JB Weld is basically an epoxy glue that does an exceptionally good job of bonding to cast iron and
steel along with several other materials. As I mentioned, it is so common that I have yet to buy a tractor
that did not have JB Weld used somewhere. It is sometimes used so well you can't tell its there and other
times used as a sloppy quick fix. Finding where and how it can be used correctly is key to whether
you are using it as an "inelegant hack" or an integral solution to difficult and expensive problems.
The Making of a Believer
Somehow I managed to get through 35 years without ever using or thinking about JB Weld. I came across
it on my first serious working tractor. In wanting to get the machine working and looking perfectly so
I could "just use it" for many years, I tore apart my newly purchased machine and began to use an angle
grinder with wire brush (this is prior to the day I discovered the sand blaster) to take off 40-plus
years of paint in preparation for putting on new coats. As I was taking the torque tube down to bare
metal, I came to a place where it felt and looked different. To my amazement, someone had plugged,
with a gray epoxy, what appeared to be a casting-flaw-gone-bad or where possibly the Power-Director (Allis Chalmers late 50s
hand clutch) had come apart and spun a component through the casting. It was a small one-quarter inch
hole and the
job was so good that it had never leaked nor, due to careful finishing, was it visible until I removed
the first coat of paint. This was not only my first experience with metal epoxies but also tainted my
viewpoint to the plus side of using them. I figured "It has been there at least 15 years and hasn't
failed so what the heck", I carefully sanded off the wire brush marks and painted over it. Obviously,
this was an example of an appropriate use of the product and a good job to boot. Practically speaking,
replacing the torque tube would have been not only extremely expensive but would have been difficult
to locate. This repair was in a non-stressed location so it worked and could be called permanent.

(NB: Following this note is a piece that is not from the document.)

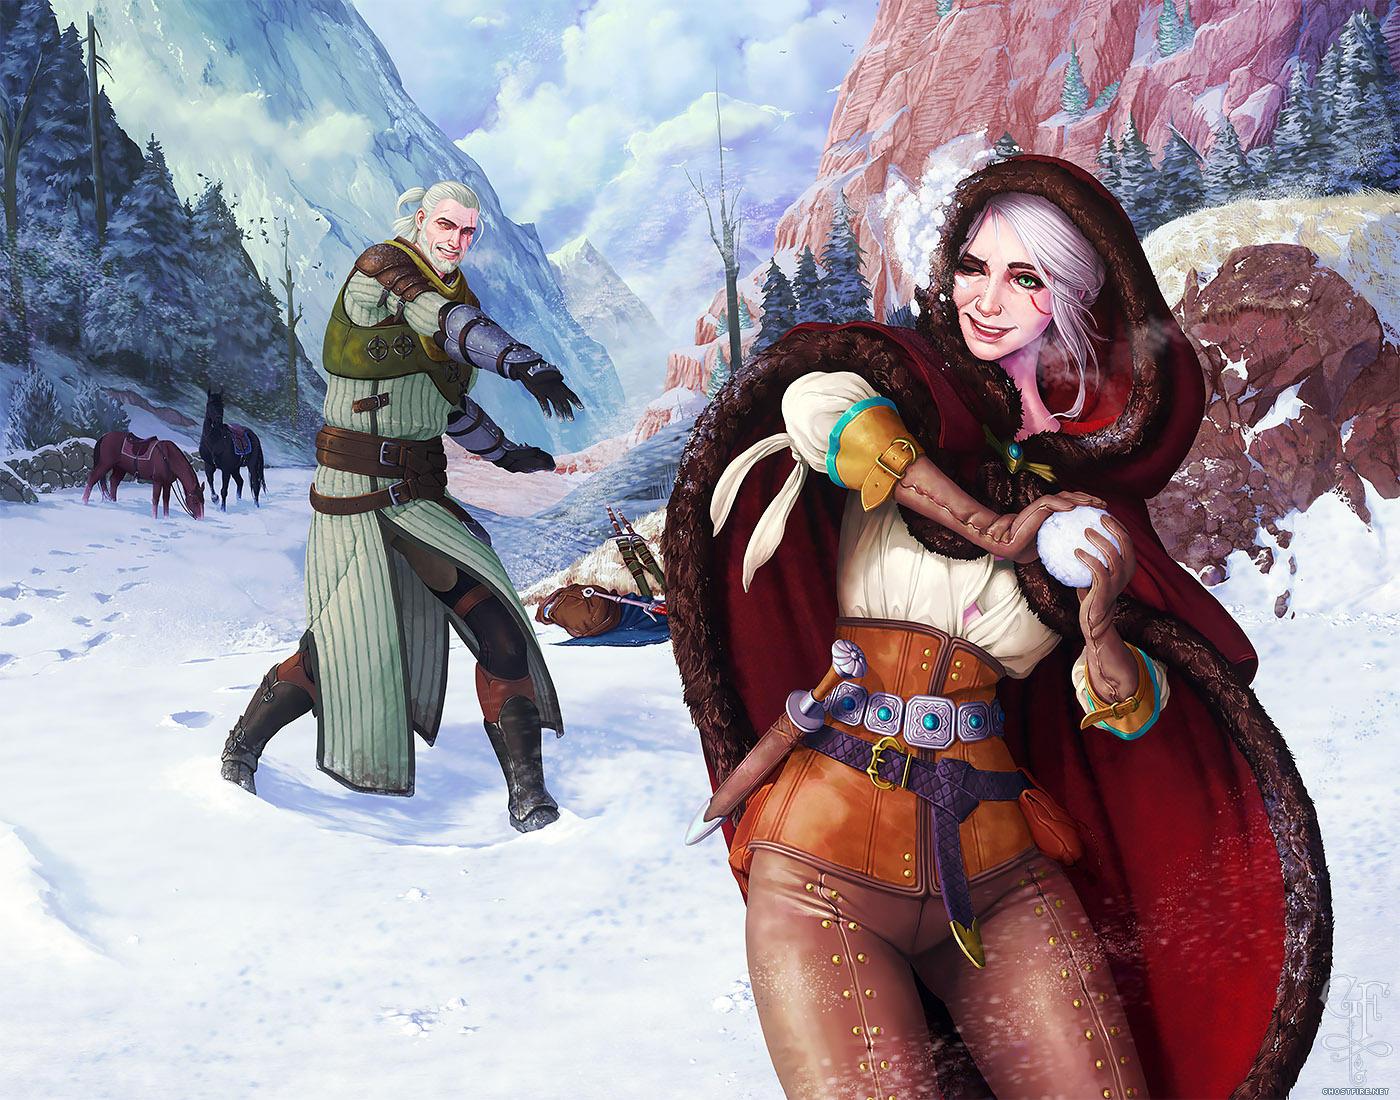 6FLbV7HF0ns.jpg - Witcher 3: Wild Hunt, the Арт

This experience was followed by a succession of other experiences that made me realize that not all JB Weld repairs were
handled so professionally. It is not so much where I found it used as it is how the jobs were done.
Clearly if an epoxy repair has lasted many years, it is being used in the right place and the surface
had been prepared correctly. If not it would have broken or cracked and would not be present on the tractor I
purchased. Simple logic right. The most common problem is sloppy application and finish work that makes
the repair obvious and for those of us coming along later means redoing the work or replacing the component. More on
that later. In using the product, you need to think about:
- Where should it be used (and a close relative, What it can't do)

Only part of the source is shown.